Tuesday, February 17, 2015
The Oreo
Lately, Teagan and I have been on the paleo diet. That is referring to the paleolithic time period, back when we didn't have the readily available processed foods. The theory behind the diet is to get back to our homosapien roots; back to the kind of foods our body really needs and can more easily process. That being said, the diet definitely does not allow for oreos. It definitely does not allow for birthday cake flavored ones either.
At work, the women that I work with will sometimes bring snacks for everyone to share. They will bring anything from trail mix to twizzlers, and it all goes on a shelf for us all snack on periodically throughout our day (working at a bank has it's perks!). This week, one of the women that I closely work with brought birthday cake oreos. I had eyed the decadent cookies a few times in passing, but I wanted to remain faithful to the diet that Teagan and I were on. "No oreos", I thought upon seeing them.
So I didn't eat them. But then as I went to sit down, my coworker informs me of the oreos.
"I put some oreos out there if you want them!" She continues, "I got them for my family, but we though they tasted to different from the normal oreos. They're birthday cake. Try one and let me know what you think!"
In that moment, my mind thought about the diet. Teagan already knew that I had still been having burritos on my lunch because of the convenience, even though the tortillas are not paleo. He was fine with it and had never expected me to fully follow the strict diet with him. None the less, I still wanted to abstain where he was abstaining in order to give him the best chance of succeeding. My initial thought told me to say, "no".

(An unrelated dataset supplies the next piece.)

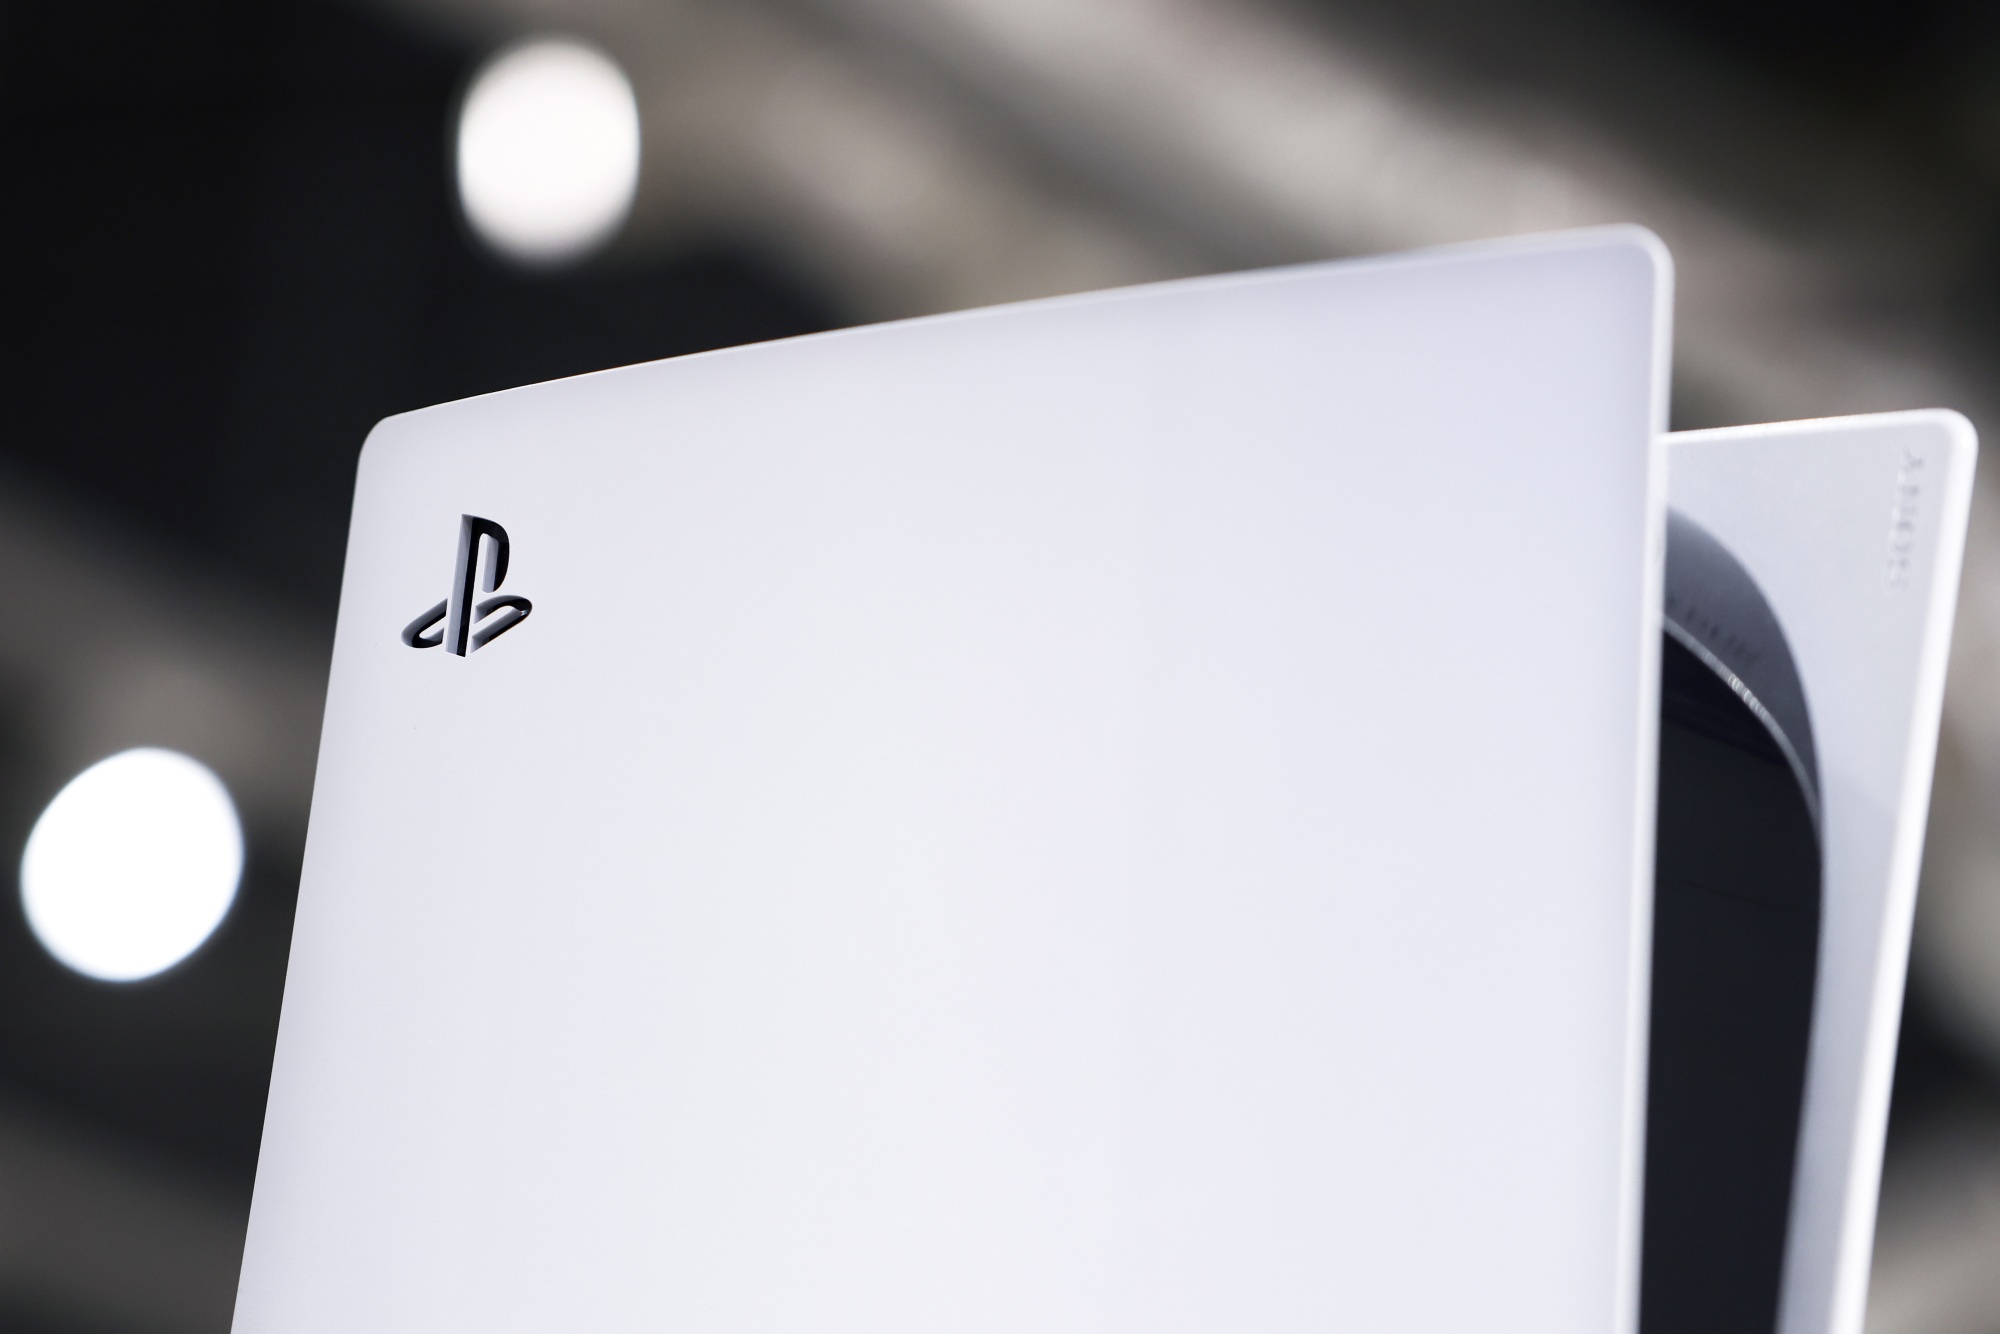 PS5 Owners Say They're Receiving Bans After Selling PS4 Users

But then, my mind thought of the fact that I wanted to have better relationships with people. My mind went to the possible affect that sounding pompous, throwing a word like "paleo" around, and saying no to one stinking cookie could have. Was I willing to come across as possibly rude and stuck up? Was I willing to sacrifice possibly becoming friends with someone that might need a person who knows Jesus in their life for encouragement and possible salvation?
Okay, so maybe that's a but much. My mind likes to run away on tangents sometimes, that much is clear. But what could be the real "oreos" in our lives? We all work with and interact with people that God has placed into our lives so that we might be a bright light to them. We could be the absolutely one and only chance that they have to see the light of Jesus. But are we turning a nose up to even the smallest gestures that might not line exactly up with our "paleo diets"?
I am in no way suggesting that we should compromise and do something that we believe to be immoral. But when interacting with someone that you believe God has placed in your life, we must be sure that we don't cross the line from Jesus fanatic (yay Jesus!) to 10 commandments' snob (boo other people). Jesus himself ate with sinners and was criticized heavily for it by the pharisees. But we know that he also never sinned.
We should not necessarily seek out company that is negative with the plans of making them close friends. Jesus had twelve close friends, and they followed him, learning from his teachings daily. But he also did not act snobby like the religious leaders of that day and reject the offers from known "sinners" (as if the pharisees did not sin) to come and dine with them.
One of the best ways that we can spread the gospel is not through the retelling of Jesus story through words, but through our actions. That is not to say that there is not power in the retelling of the gospel, but our relationship with others can deeply affect weather or not they are receptive to coming to Christ when the right time comes. If we are sincere about caring for others, it will reflect in our actions. Those around us will feel welcomed in your presence rather than condemned. They will feel your compassion rather than your religion.
I would never condone sinning to keep an acquaintance or friend. That is not what I wish to convey. But there is a way to treat someone that will make them feel less like a spiritual roadblock or a spiritual checkbox, and more like an actual person worthy of mutual respect. And let's face it, into every diet some oreos must fall.